LLM ReferenceLLM Reference

DeepSeek V3.1 vs Kimi K2.6

DeepSeek V3.1 (2026) and Kimi K2.6 (2026) are agentic coding models from DeepSeek and Moonshot AI. DeepSeek V3.1 ships a 64K-token context window, while Kimi K2.6 ships a 262K-token context window. On SWE-bench Verified, Kimi K2.6 leads by 14.2 pts. This comparison covers specs, pricing, capabilities, benchmarks, provider availability, and production fit. It focuses on practical selection signals rather than broad model-family marketing.

Kimi K2.6 fits 4x more tokens; pick it for long-context work and DeepSeek V3.1 for tighter calls.

Specs

Released2026-03-012026-04-13
Context window64K262K
Parameters1T (MoE, 32B active)
Architecturemixture of expertsMixture of Experts (MoE)
LicenseOpen SourceProprietary
Knowledge cutoff--

Pricing and availability

DeepSeek V3.1Kimi K2.6
Input price$0.56/1M tokens-
Output price$1.68/1M tokens-
Providers

Capabilities

DeepSeek V3.1Kimi K2.6
Vision
Multimodal
Reasoning
Function calling
Tool use
Structured outputs
Code execution

Benchmarks

BenchmarkDeepSeek V3.1Kimi K2.6
SWE-bench Verified66.080.2

Deep dive

On shared benchmark coverage, SWE-bench Verified has DeepSeek V3.1 at 66 and Kimi K2.6 at 80.2, with Kimi K2.6 ahead by 14.2 points. The largest visible gap is 14.2 points on SWE-bench Verified, which matters most when that benchmark mirrors your workload. Treat isolated benchmark wins as directional, because provider routing, prompt style, and tool access can move real application results.

The capability footprint differs most on reasoning mode: Kimi K2.6, function calling: Kimi K2.6, structured outputs: DeepSeek V3.1, and code execution: DeepSeek V3.1. Both models share vision and multimodal input, so the practical split is not just feature count. Use those differences to decide whether the page is about raw model quality, agentic coding support, multimodal ingestion, or predictable structured API behavior.

Pricing coverage is uneven: DeepSeek V3.1 has $0.56/1M input tokens and Kimi K2.6 has no token price sourced yet. Provider availability is 6 tracked routes versus 2. Treat unknown pricing as an integration gap, then verify the route you will actually call before estimating production spend.

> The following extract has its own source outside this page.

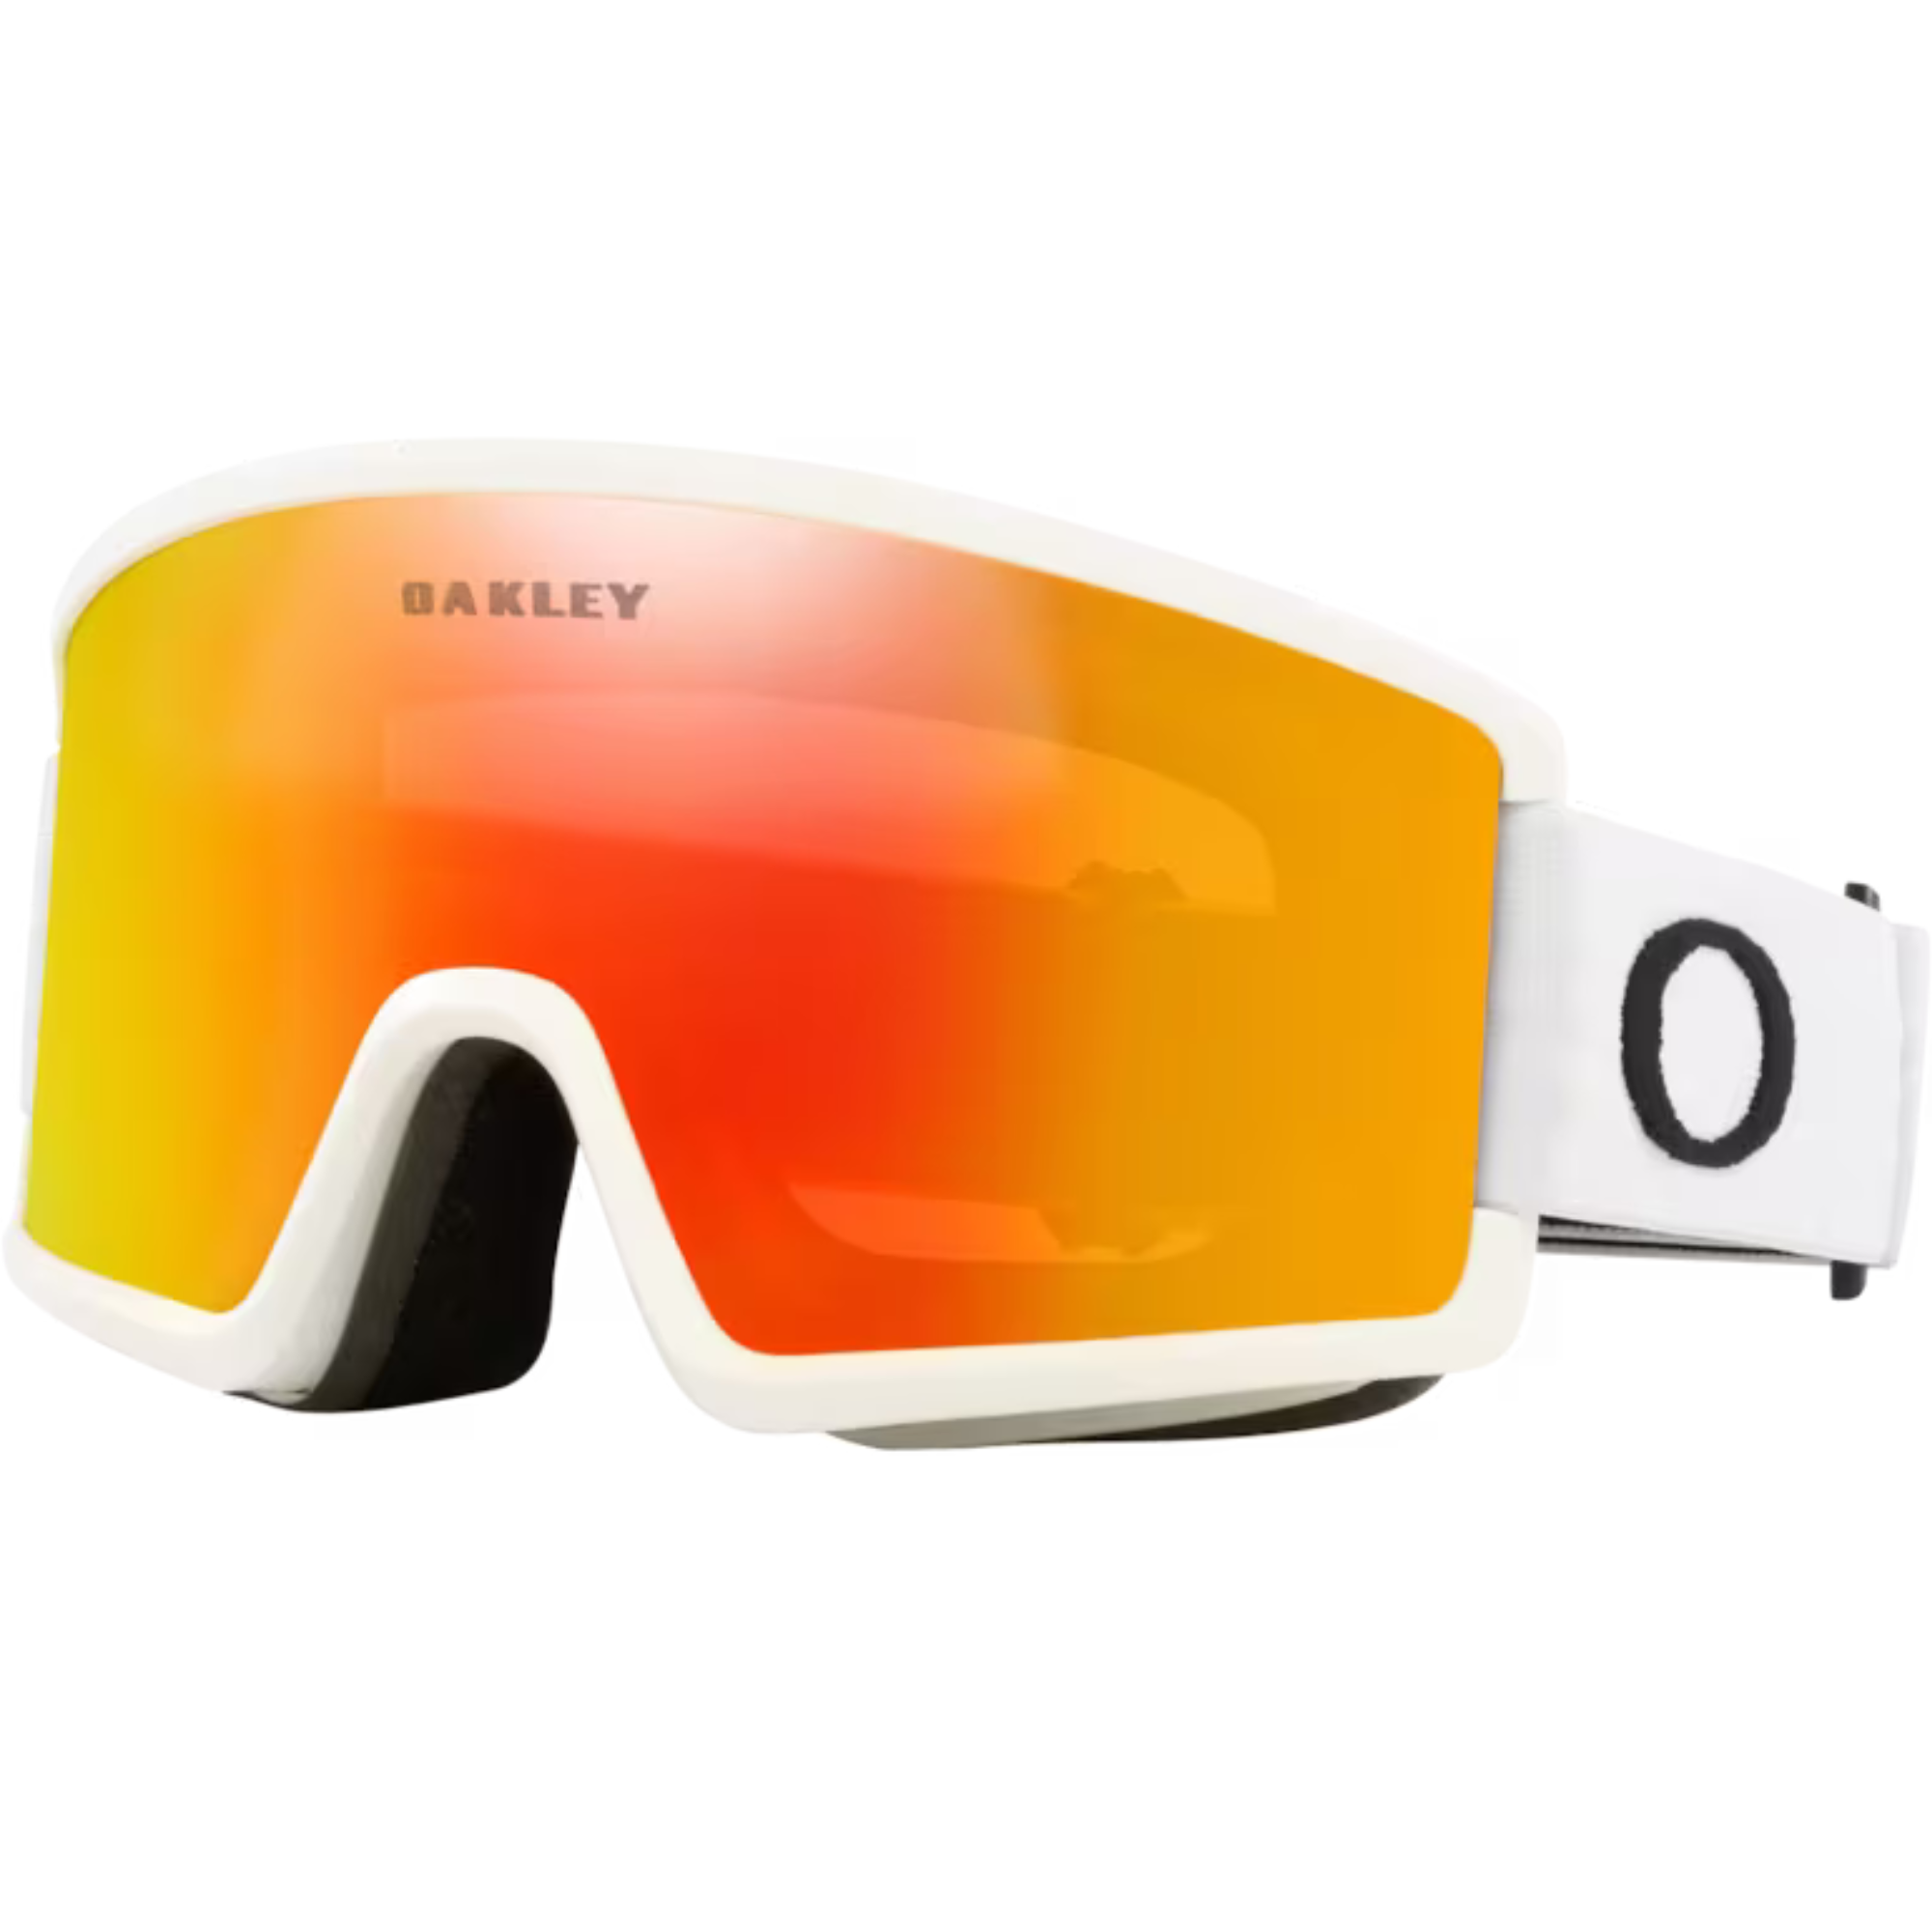 Oakley Target Line M Goggles - Matte White / Fire

Choose DeepSeek V3.1 when coding workflow support and broader provider choice are central to the workload. Choose Kimi K2.6 when coding workflow support and larger context windows are more important. For production, rerun your own prompts through the exact provider, region, and tool stack you plan to ship.

FAQ

Which has a larger context window, DeepSeek V3.1 or Kimi K2.6?

Kimi K2.6 supports 262K tokens, while DeepSeek V3.1 supports 64K tokens. That gap matters most for long documents, large codebases, retrieval-heavy agents, and conversations where earlier context must remain visible.

Is DeepSeek V3.1 or Kimi K2.6 open source?

DeepSeek V3.1 is listed under Open Source. Kimi K2.6 is listed under Proprietary. License labels affect whether you can self-host, redistribute weights, or rely only on hosted APIs, so confirm the upstream license before deployment.

Which is better for vision, DeepSeek V3.1 or Kimi K2.6?

Both DeepSeek V3.1 and Kimi K2.6 expose vision. The better choice depends on benchmark fit, context budget, pricing, and whether your provider route exposes the same capability surface. Use this as a quick comparison signal, then confirm the provider-specific limits before committing to production.

Which is better for multimodal input, DeepSeek V3.1 or Kimi K2.6?

Both DeepSeek V3.1 and Kimi K2.6 expose multimodal input. The better choice depends on benchmark fit, context budget, pricing, and whether your provider route exposes the same capability surface. Use this as a quick comparison signal, then confirm the provider-specific limits before committing to production.

Which is better for reasoning mode, DeepSeek V3.1 or Kimi K2.6?

Kimi K2.6 has the clearer documented reasoning mode signal in this comparison. If reasoning mode is mission-critical, validate it against the provider endpoint because model-level support and API-level exposure can differ.

Where can I run DeepSeek V3.1 and Kimi K2.6?

DeepSeek V3.1 is available on Microsoft Foundry, Fireworks AI, NVIDIA NIM, Together AI, and AWS Bedrock. Kimi K2.6 is available on NVIDIA NIM and Moonshot AI Kimi. Provider coverage can affect latency, region availability, compliance posture, and fallback options.

Continue comparing

Last reviewed: 2026-04-27. Data sourced from public model cards and provider documentation.